Draive provides a dedicated base class for defining application inner state (State) and serializable models (DataModel). While basic usage is quite straight forward, it hides a lot of customization and features to explore when needed. State and DataModel share some of the functionalities but have distinct bases and distinct purposes. This notebook focuses on DataModel, State functionalities are limited to simple validation and immutability.

Dict conversion

First interesting feature not visible at a glance is an ability to convert DataModel from and to a dictionary populated with basic values (dict, list, str, int, float, bool or None).

from draive import BasicValue, DataModel


class DictConverted(DataModel):
    name: str
    value: int


# all of this applies to the `DataModel` as well
dict_converted: DictConverted = DictConverted(name="converted", value=42)
dict_converted_as_dict: dict[str, BasicValue] = dict_converted.as_dict()
dict_converted_from_dict: DictConverted = DictConverted.from_dict(dict_converted_as_dict)
print(dict_converted_from_dict)
name: converted
value: 42

Mutations

Both State and DataModel are immutable by default. Attempting to change any of its fields value will result in both linting and runtime errors. The only valid method to apply a mutation is through a copy. There is a dedicated method to perform a mutating copy operation:

class Mutable(DataModel):
    identifier: str
    value: int


# prepare an instance of state
initial: Mutable = Mutable(
    identifier="pre",
    value=42,
)
# update one of the fields by creating a copy
updated: Mutable = initial.updated(identifier="post")
# update initial state once more - this will be another copy
final: Mutable = initial.updated(value=21)

print("initial", initial)
print("updated", updated)
print("final", final)
initial identifier: pre
value: 42
updated identifier: post
value: 42
final identifier: pre
value: 21

JSON conversion

Each DataModel can be serialized using JSON format. Current implementation uses an intermediate step of conversion from/to a dict using the methods described above.

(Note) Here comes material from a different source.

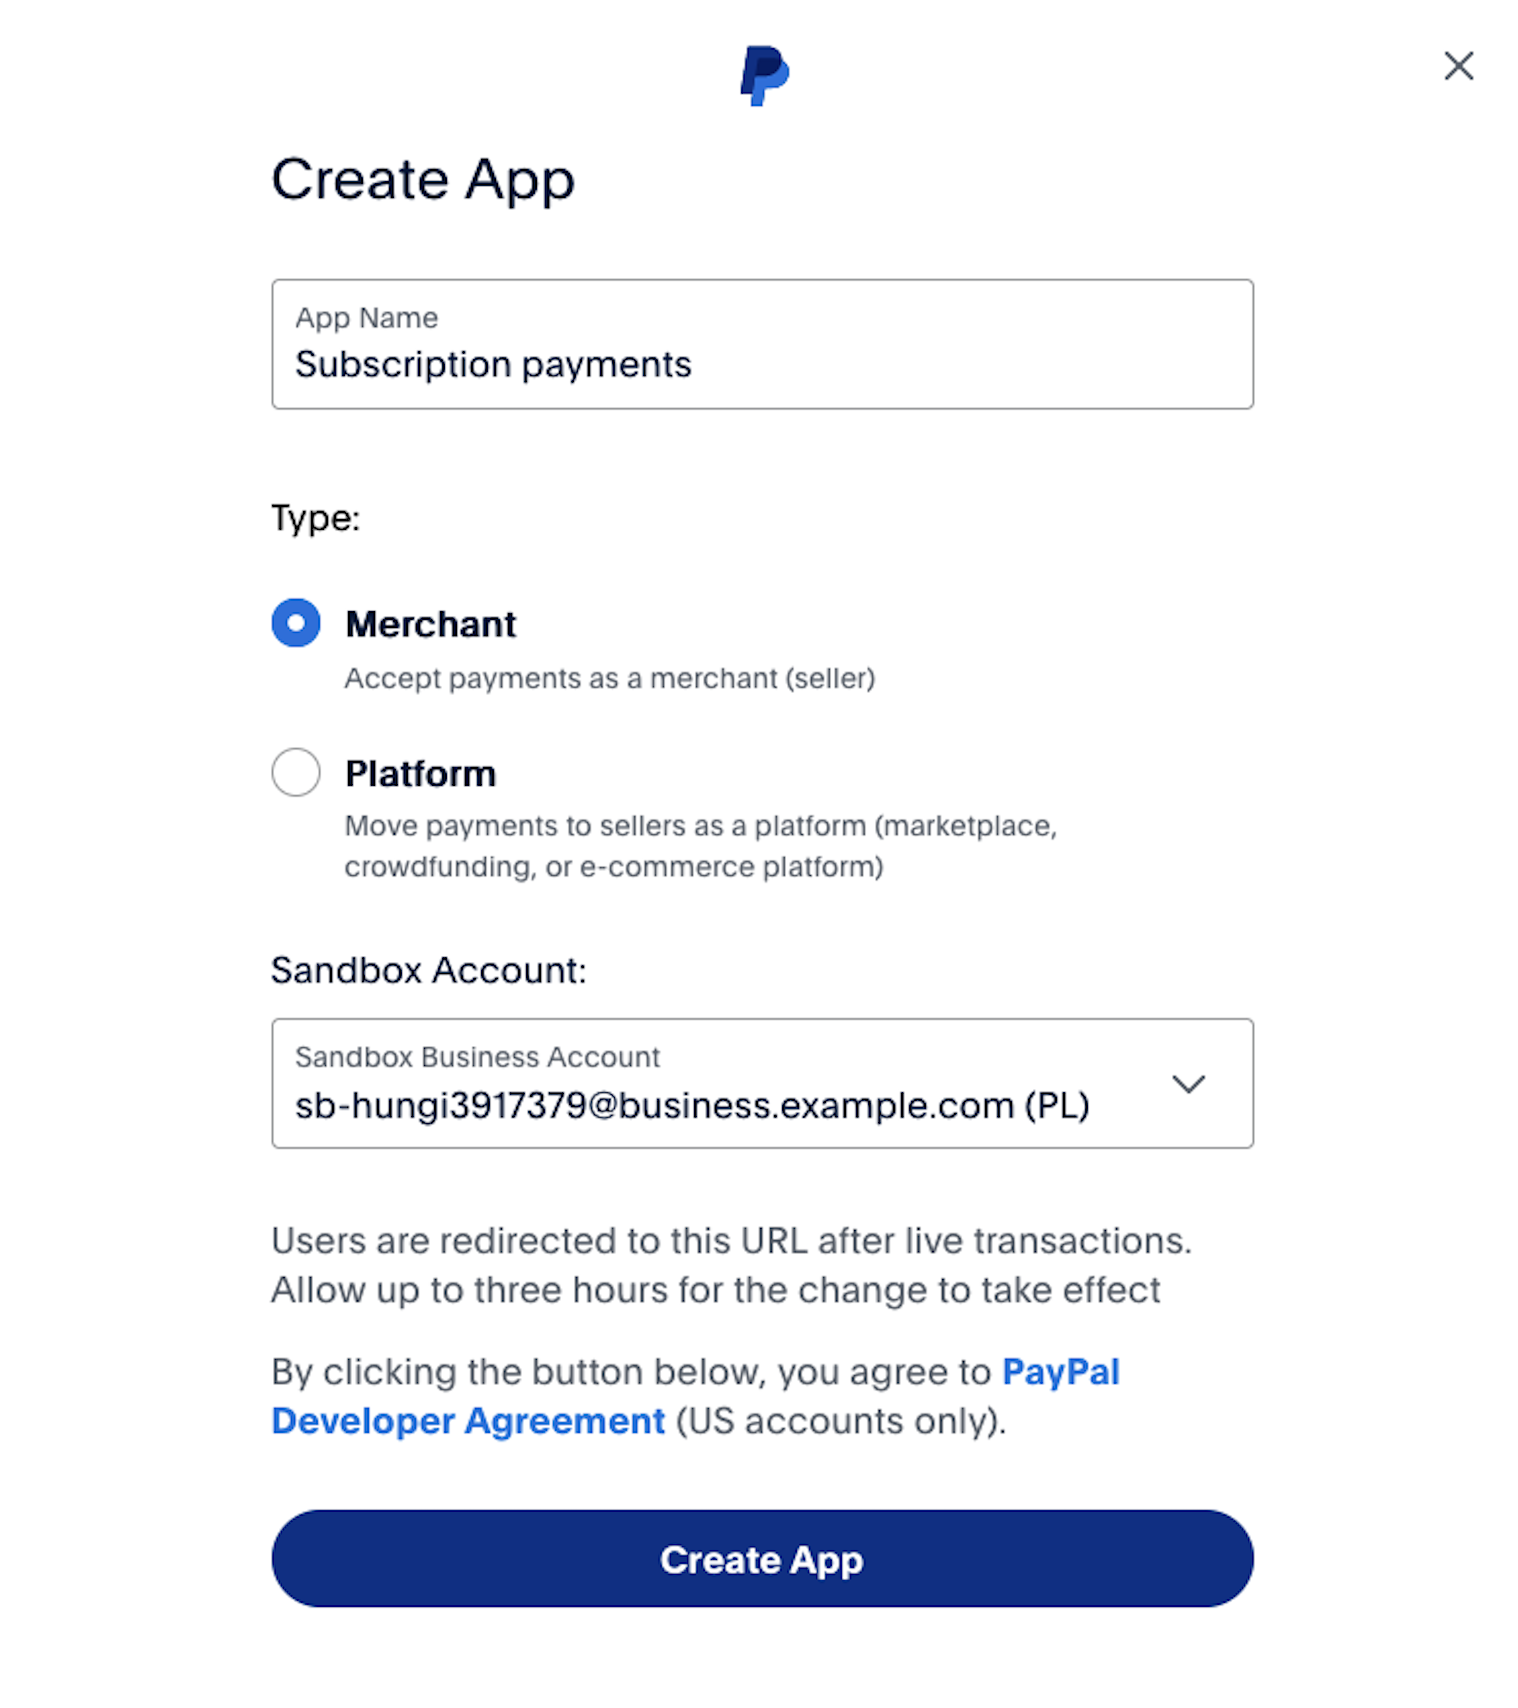  You can create a new application for an online store or marketplace platform in your PayPal account.

from draive import DataModel


class JSONConverted(DataModel):
    name: str
    value: int


json_converted: JSONConverted = JSONConverted(name="converted", value=42)
json_converted_as_json: str = json_converted.as_json()
json_converted_from_json: JSONConverted = JSONConverted.from_json(json_converted_as_json)
print(json_converted_from_json)
name: converted
value: 42

Model schema

Each DataModel has an associated schema which is generated using type annotations of the class fields. Models have an ability to generate a JSON-schema compatible description:

class BasicModel(DataModel):
    field: str

print(BasicModel.json_schema(indent=2))
{
  "type": "object",
  "properties": {
    "field": {
      "type": "string"
    }
  },
  "required": [
    "field"
  ]
}

Additionally each model can generate a simplified schema description. This can be useful when requesting LLM structured data generation in some cases. Let's have a look:

print(BasicModel.simplified_schema(indent=2))
{
  "field": "string"
}

Field schema can be altered by using per field customization if needed.

Field customization

Each field defined within the DataModel class can be customized by using a dedicated default value called Field. It allows to change the field validation, serialization or other elements.

Alias and description

Fields can have aliases which can be useful for serialization. Both regular and aliased names are available to instantiate an object. When generating the specification, aliases are always used instead of regular field names. Besides the alias, each field can also have a description which is also included in the schema:

from draive import Field


class CustomizedSchemaModel(DataModel):
    described: int = Field(description="Field description")
    aliased: str = Field(aliased="field_alias")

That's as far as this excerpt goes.